Our study revealed that the 161C/T variant at exon 6 of the PPARγ gene had no prominent effect on obesity risk. Yet the SNP has been reported to be associated with lipoprotein profiles (Wang et al. 1999). The interaction effect between the 161C/T variant and apoE-ε4 genotype on serum cholesterol level has been suggested (Peng et al. 2003).

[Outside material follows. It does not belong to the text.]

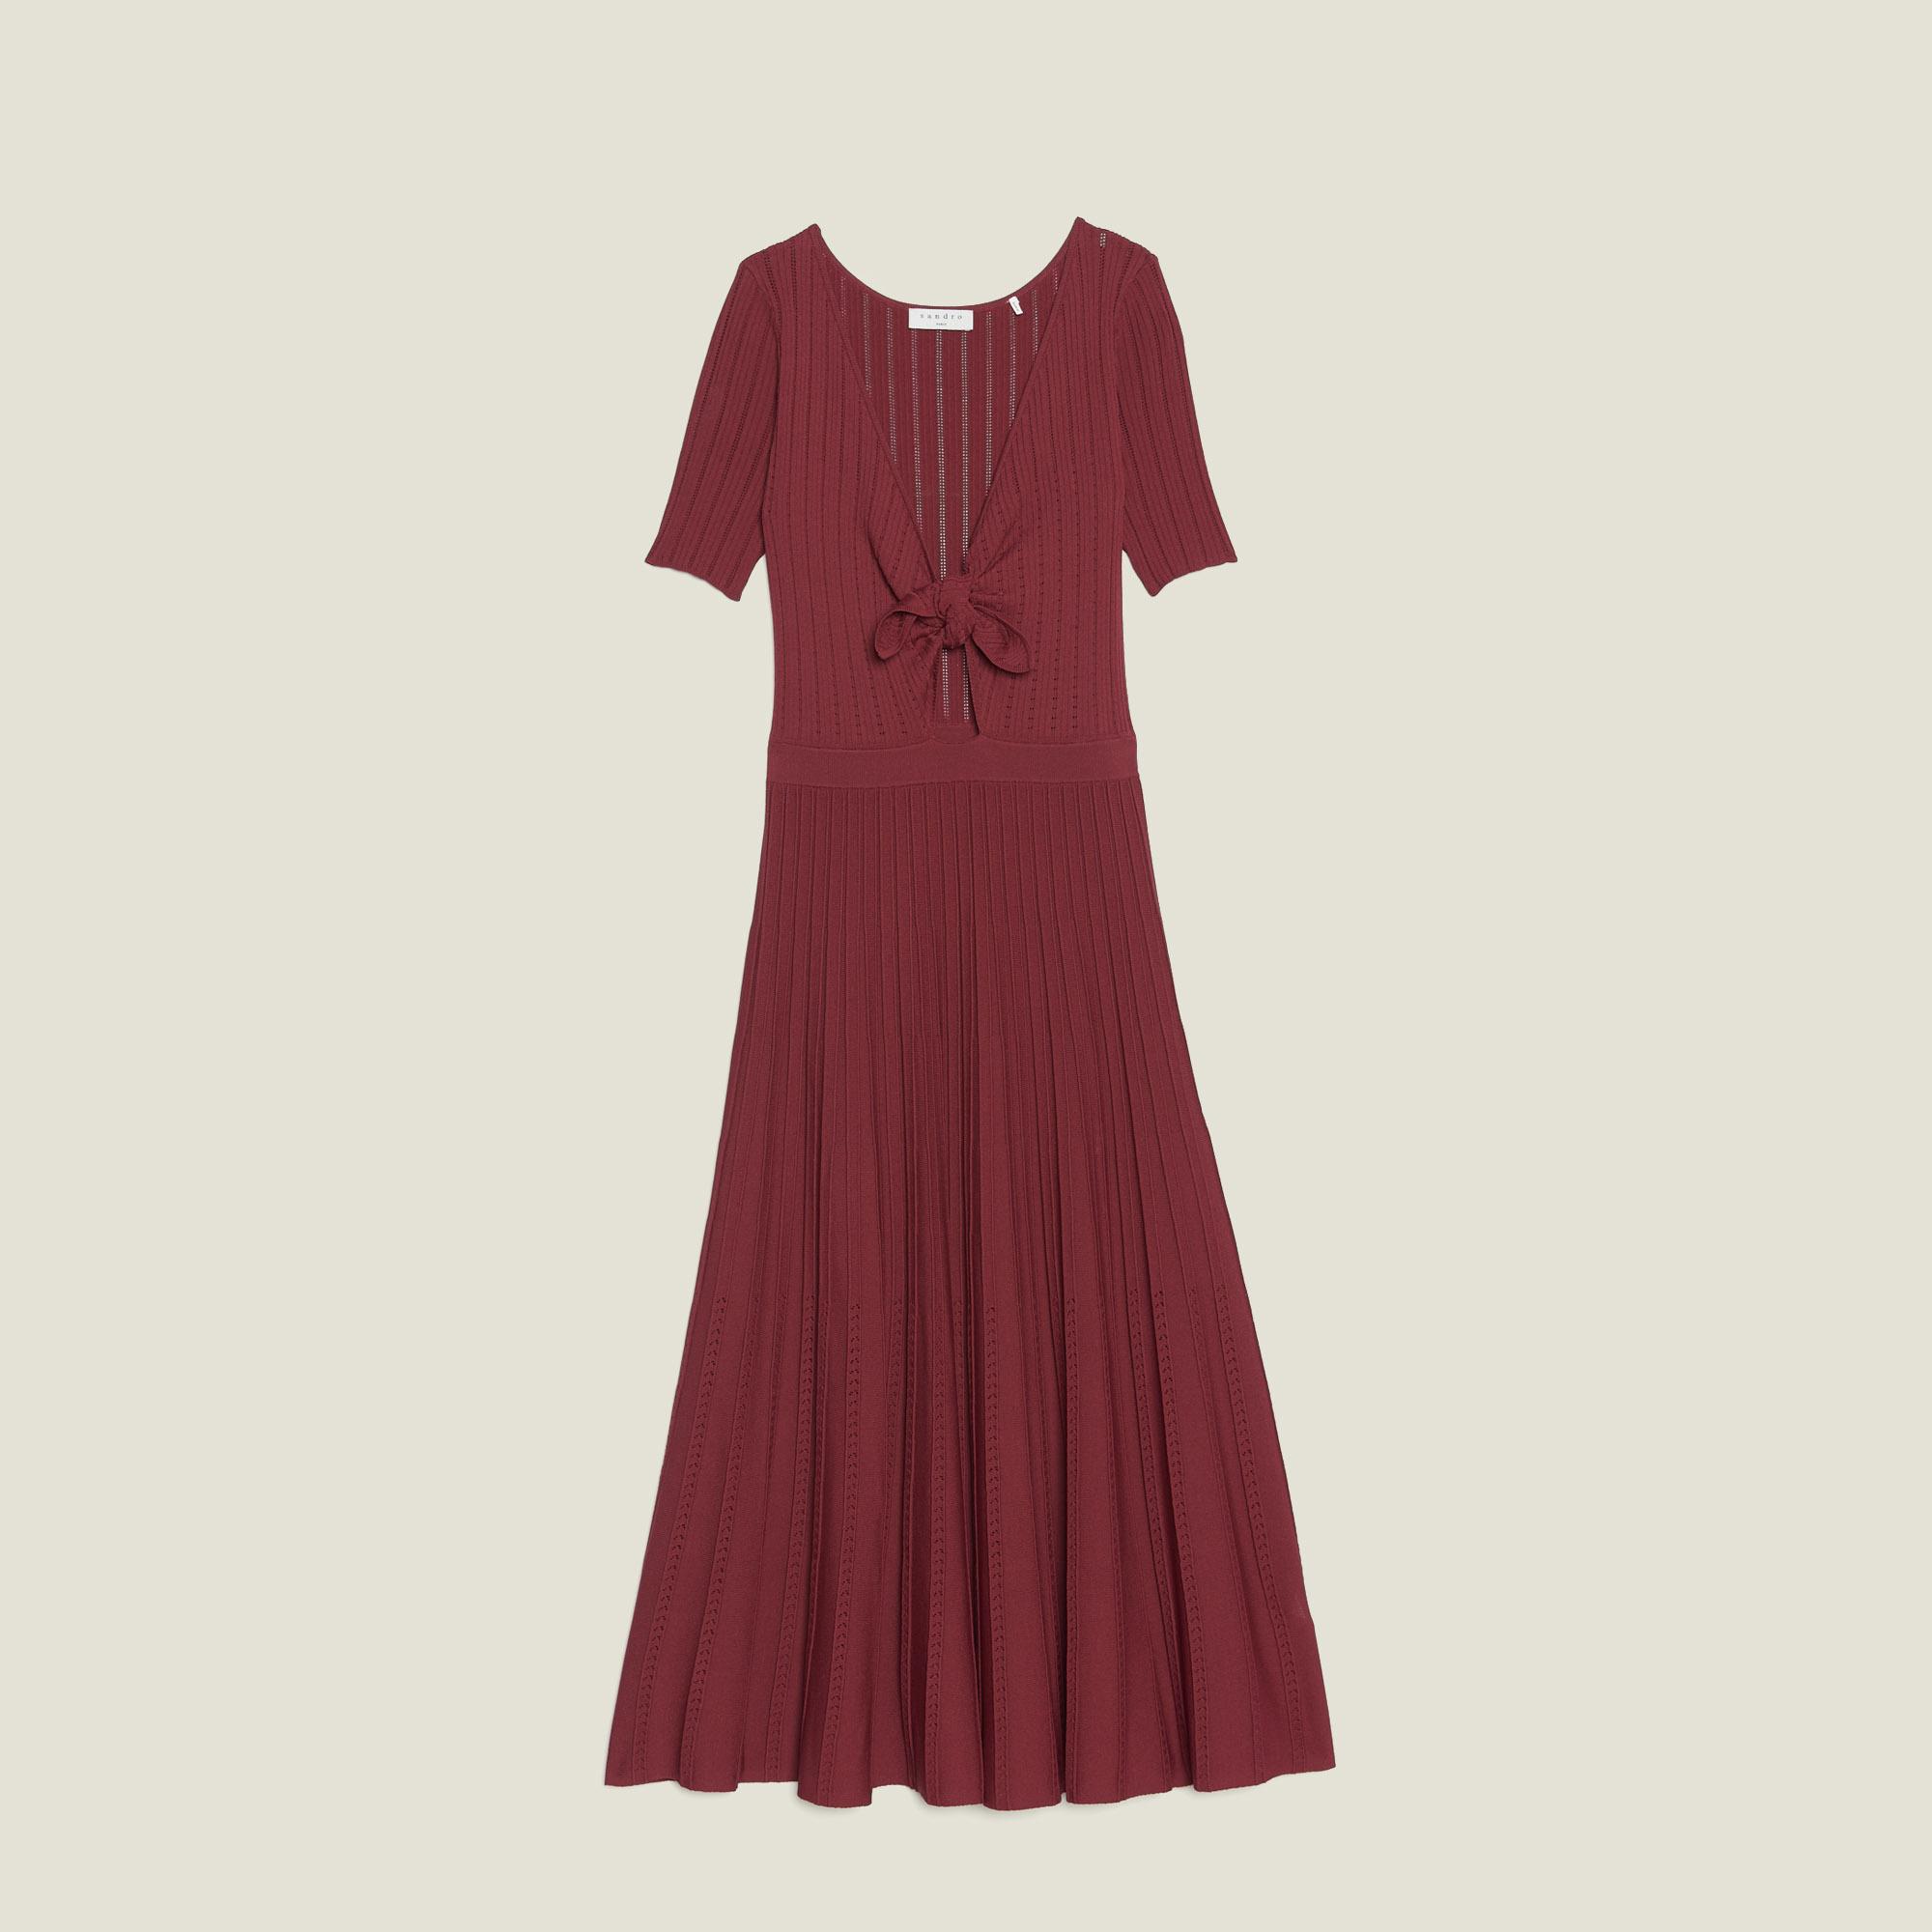 5c41481bd0c ... Openwork Knit Midi Dress   Dresses color Land of Fire

Variance and covariance components were estimated to see how much variation of the BMI were explained by the candidate genes. The variance estimates of ADRB2-1053G/C, ADRB3-Trp64Arg, and residuals were 0.91, 2.17, and 17.45, respectively, and the covariance estimate between the ADRB2-1053G/C and the ADRB3-Trp64Arg effects was 0.42. Therefore, the polymorphisms of the ADRB2 and ADRB3 genes explained 4.3% [=0.91/ (0.91+2.17+2×0.42+17.45)] and 10.1% [=2.17/(0.91+2.17+2×0.42+17.45)] of the variation on BMI. Effect of two loci, i.e., their additive genetic effects and epistasis, explained 18.3% [=(0.91+2.17+2×0.42)/(0.91+2.17+2×0.42+17.45)]. This finding is useful to explain genetic effects in adolescent obesity. Further studies on other candidate genes are continuously required to see genetic architecture of complex adolescent obesity. Such endeavors would eventually lead to a promising remedy against adolescent obesity.